Getting the hang of winter.

Way back in October I wrote about autumn here in Torino, so I think a winter post is surely due by now. And I’ve had my laptop open half the afternoon, thinking, come on, you can talk about winter! it’s not that hard! And I’ve made cups of tea, I’ve fetched my doona to wrap around me on the sofa, I’ve kicked the doona off and puttered around the living room, and I haven’t written a word about winter, because I can’t pin down what I think of it.

The light is very pretty but there’s not enough of it, is I think how I would summarize.

Magic light this afternoon.

Magic light this afternoon. The sun was soon behind a building and my living room went dark.

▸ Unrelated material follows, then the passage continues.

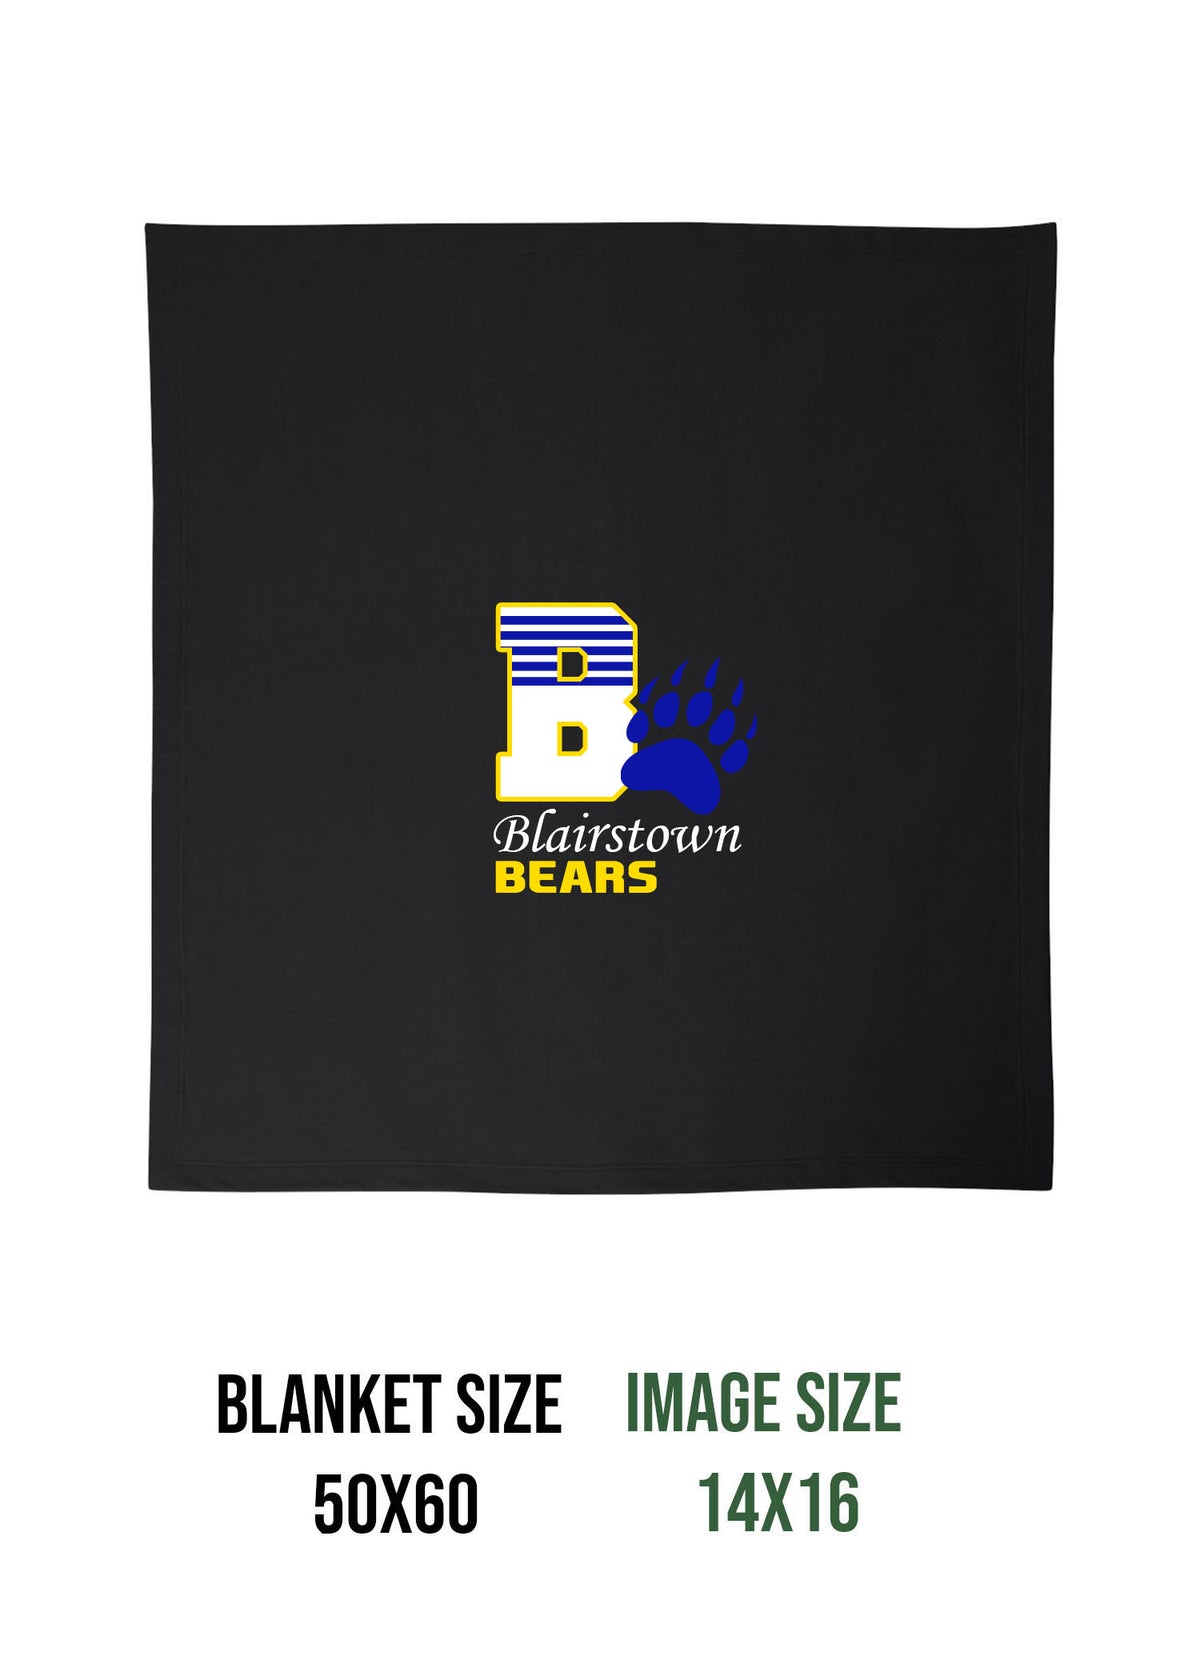 Bears Design 8 Blanket

Actually, we’ve had a decent number of clear sunny days in the past few weeks, days that remind me of Perth winters where you can walk on the beach in the sunshine and even push your sleeves up if the wind isn’t strong.

Except that here, even the sunny days are short, and the overcast days are shorter. I love that in late December we get magic afternoon light by 2pm, I just wish we didn’t get nightfall by 5pm.

Because the problem I haven’t solved yet is how to get myself to go out and do things once it does get cold and dark, which means that 7pm has found me with my doona on the sofa more often than I’d like. Do I go straight from work so I can’t stop at the sofa? Make more effort to organize social events I can’t skip? I did get myself out the door and power-walking down Corso Regina the other night after I’d read something that made me too cross to stay sitting down, but I’m not sure the exercise gains are enough to counter the emotional cost of “read poorly-argued things you disagree with” as a strategy.

But then — thinking out loud here — do I want to go out more? Maybe it’s wise to have a season where I’m not active, where I can’t pretend that I’m a Busy Important Person who is busy Doing Important Things, where I recognize that no matter how much I do in my life my achievements aren’t going to last very long. On an overcast day, everything seems grey and same-y, until I start to look closely at what’s in front of me, to see shape and pattern and texture and muted colour differences. Maybe I need to take winter as a reminder to pay attention to the quieter parts of my life.

So I’m not sure yet what I think about winter, but I’m starting to think it has something to teach me.

Oh yeah, and snow. Still don't quite have the hang of living with that.

Oh yeah, and snow. Still don’t quite have the hang of living with that, even when it’s barely there.